Hiring a bookkeeper also provides businesses access to a range of expertise, allowing them to scale up as the business grows. This form of outsourcing is also cost-effective compared with taking on new staff, as there are no additional payroll or overhead costs associated with the service. The transition of any internal staff can also be seamless, as bookkeepers are used to dealing with change and understand how to ensure everything runs smoothly from the point of transfer. Additionally, segregating bookkeeping tasks and regular review can drastically reduce fraud risk.
Should You Hire an Accountant?
How much does an accountant cost is an important consideration, but it is essential to have an expert with the knowledge and skills required to ensure your financial records are accurate and up-to-date. An accountant can provide invaluable assistance in this regard and can help save money over the long term.
For starters, a qualified CPA is aware of the recent changes to Canadian tax regulations. This means the accountant can maximize tax savings while avoiding unnecessary penalties by completing your taxes accurately and on time.

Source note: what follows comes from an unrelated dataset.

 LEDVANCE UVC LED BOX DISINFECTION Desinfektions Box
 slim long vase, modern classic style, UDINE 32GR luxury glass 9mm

An accountant can also help with cost-cutting strategies. They know your company’s financials in detail, so they’ll be able to advise you on where it is best to spend and where to save.
Finally, an accountant’s knowledge of the business financial statements can help you make informed decisions when it comes to managing cash flow and tax planning for the future. They can advise how to grow your business, depending on your goals and what you want to achieve.
Overall, hiring an accountant is a great way to ensure you get the most out of your finances and save money in the long run. They will be able to provide guidance on how best to manage your financial records, as well as help make your business become more successful.
Remember, while the cost of hiring an accountant or a bookkeeper will depend on your needs and budget, the opportunity cost of hiring internally or doing it yourself is often higher than what you would pay to outsource these tasks.
By taking advantage of the time-saving benefits of outsourcing, you can work more efficiently and use resources wisely. This will allow you to make better financial decisions for the business and drive it toward greater success in the future.